Significant gene sets associated with E. coli infection (EC) and gastritis and duodenitis (GD), corresponding p values, and the CS genes selected by GAUSS

Phenotype	Gene set	Genes	p value	Core subset (CS) selected by GAUSS
EC	GO: Fatty acid catabolic process	73	9.9× 10−8	SLC27A2, CRAT, CPT1B, ACOX2, LPIN1, CPT1C, ETFB, SLC27A4, EHHADH, ACAA1, LEP, ABCD2, GCDH, HADH, MUT, BDH2, PLA2G15, PEX2, IVD, ACAAS, PEX13, ACAD8, ACADL, ECI1, ADIPOQ
	GO: Fatty acid beta oxidation	51	1.8 × 10−6	SLC27A2, CRAT, CPT1B, ACOX2, CPT1C, ETFB, EHHADH, ACAA1, LEP, ABCD2, GCDH, HADH, BDH2, PEX2, IVD, ACAAS, ACAD8, ACADL, ECI1, ADIPOQ
GD	Reactome: P53 independent G1/S DNA damage checkpoint	51	9.7 × 10−8	PSMB2, PSMB9, PSMC5, CHEK1, PSMB8, PSMD9, PSMD2, RPS27A, PSMA6, PSMB7
	Reactome: CDK mediated phosphorylation and removal of CDC6	48	2.8 × 10−6	PSMB2, PSMB9, PSMC5, PSMB8, PSMD9, PSMD2, RPS27A, PSMA6, PSMB7
	Reactome: cyclin E-associated events during G1/S transition	65	1.9 × 10−6	PSMB2, PSMB9, PKMYT1, PSMC5, PSMB8, PSMD9, PSMD2, RPS27A, PSMA6, PSMB7
	Reactome: P53-dependent G1 DNA damage response	57	1.6 × 10−6	PSMB2, PSMB9, PSMC5, MDM2, PSMB8, PSMD9, PSMD2, RPS27A, PSMA6, PSMB7

p values < 1 × 10⁻⁶ were estimated with GPD (see materials and methods and supplemental methods, section B).

In gene set association analysis of GD (Figure 3; right panel), we found four gene sets to be associated (Table 2).

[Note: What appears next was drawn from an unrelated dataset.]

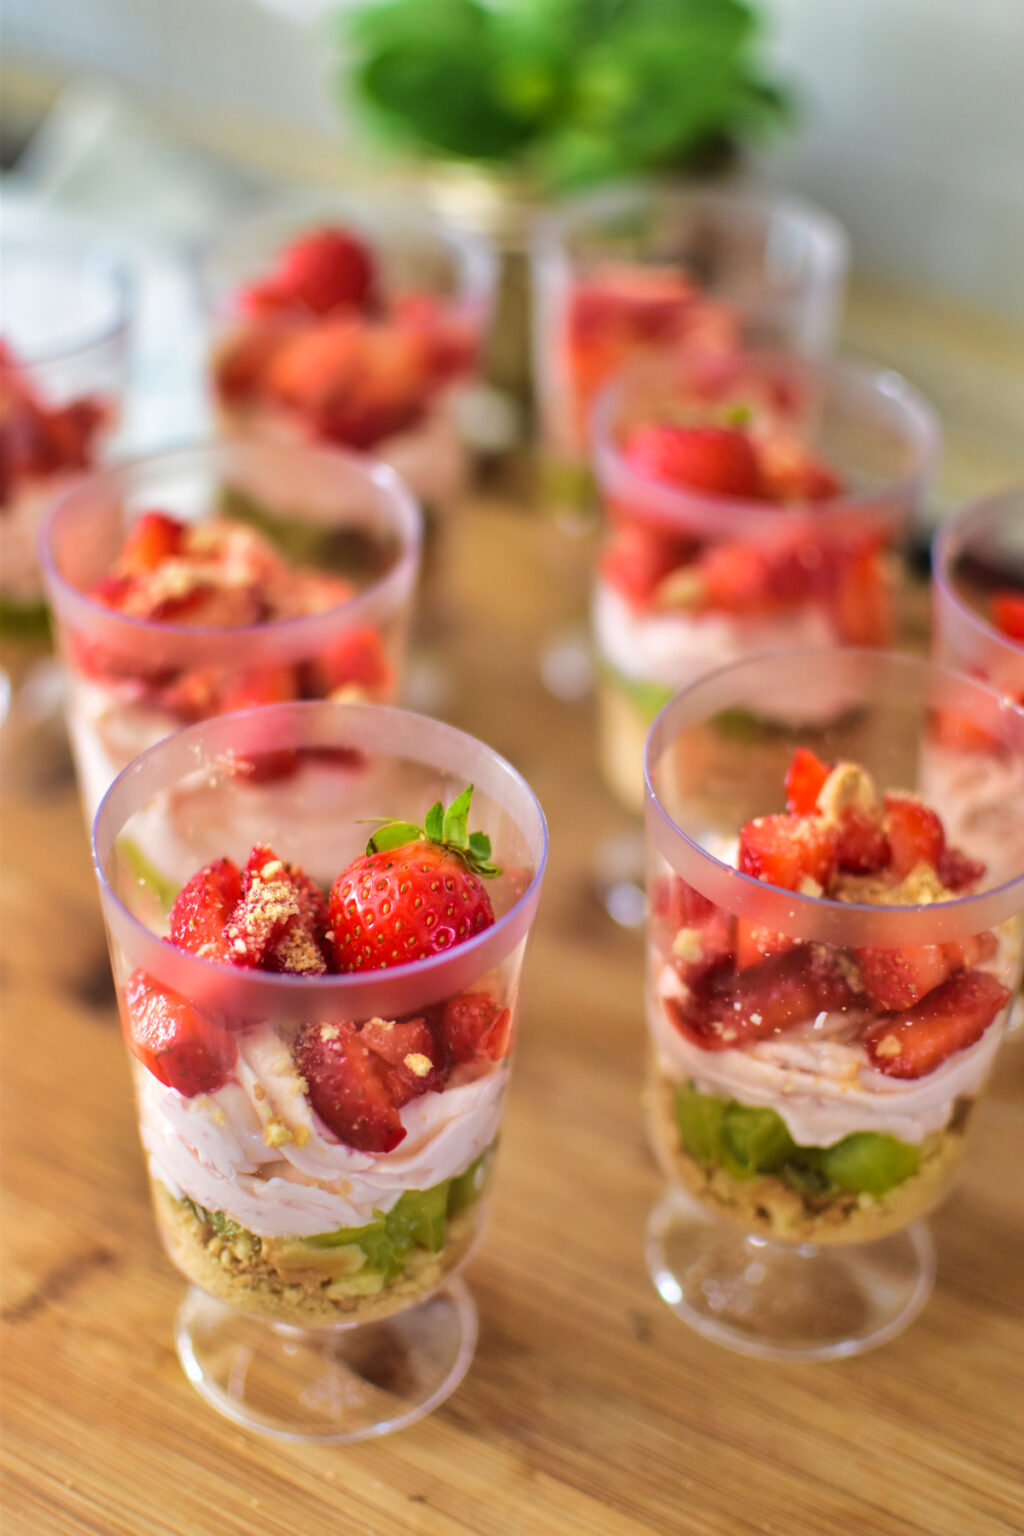 Schnelles Erdbeer-Kiwi Dessert « Hauptsache-Lecker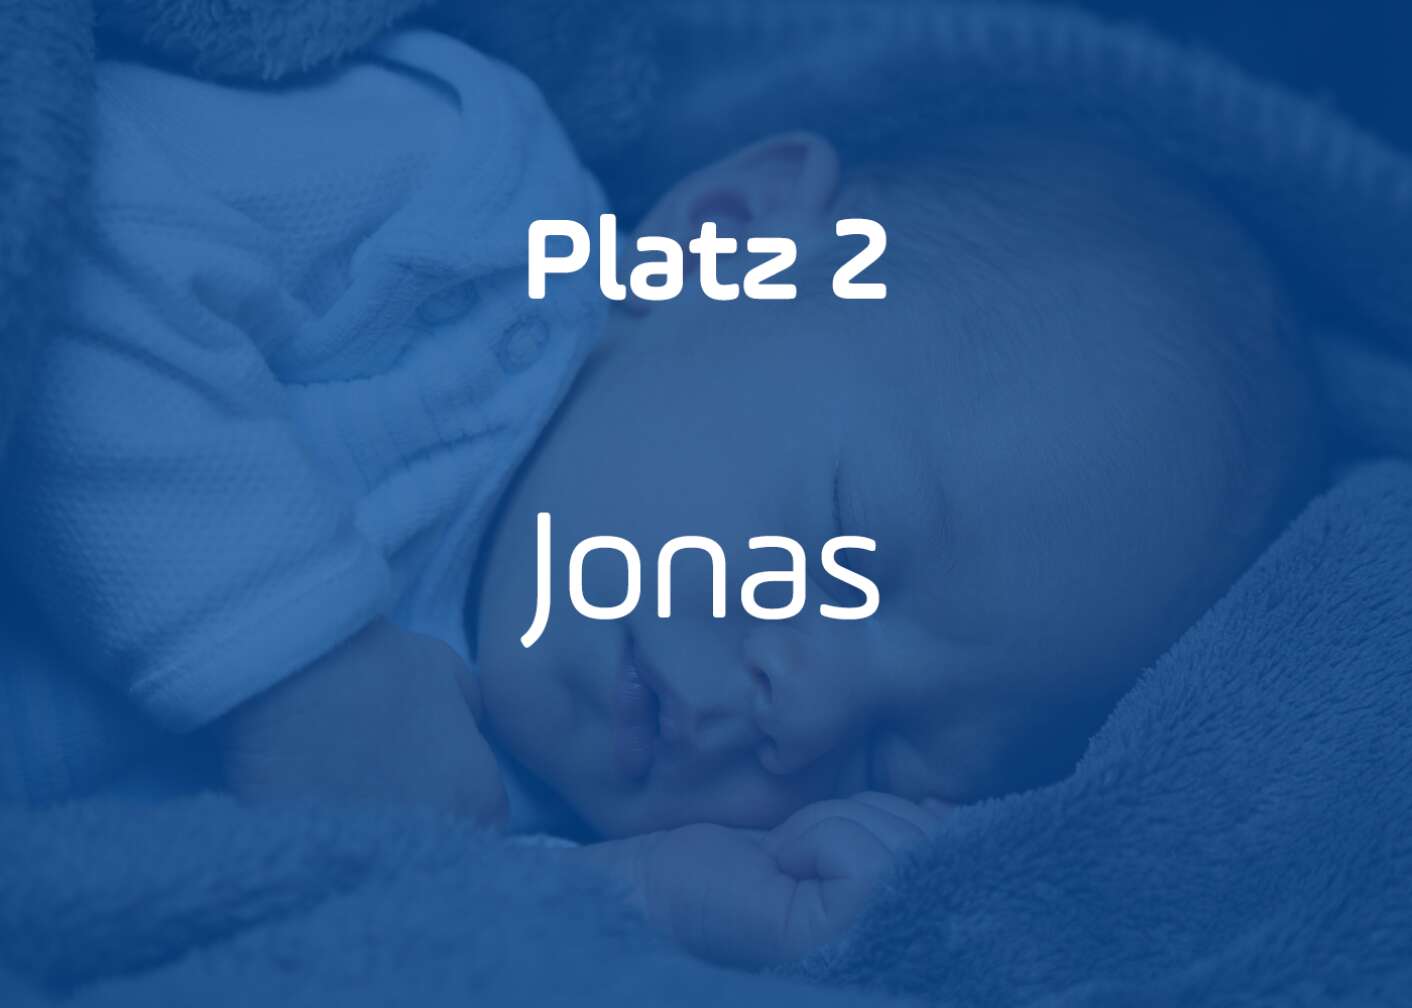 Jonas Platz 2

Although the gene sets and the corresponding functions are biologically related, their role in GD is not easily identifiable. GAUSS selects a set of ten genes to be the CS genes for the gene sets, the majority of which are from the different proteasome endopeptidase complex (PSM) subunits. Different proteasome subunit genes have been found to be associated with several inflammatory responses and intestinal diseases.^33,34 In particular, the role of PSMB8³⁵ in gastric cancer has been extensively reported in the literature. Also, PSMB9 and PSMB8 have been found to be associated with several gastrointestinal disorders, such as celiac disease and inflammatory bowel disease.^{36, 37, 38} Although, none of these genes are individually significantly associated with GD (minimum p value = 2.8 × 10⁻⁴), they jointly drive the strong association signal. This highlights that the selected core genes (CS) can help in finding biological targets for downstream investigation.

To validate the results, we tested the gene sets identified by GAUSS for EC and GD (Table 2) in an independent dataset. For this, we applied GAUSS to summary data from the Michigan Genomics Initiative (MGI) of about 38,000 European samples³⁹ (see supplemental methods, section C). Our results show that five out of the six gene sets that were significant in UK Biobank for either EC or GD had a nominal evidence of significance (p value < 0.05; Table S1). Given that the sample size of MGI is about 10 times lower than UK Biobank, our findings indicate that the detected associations are potentially true.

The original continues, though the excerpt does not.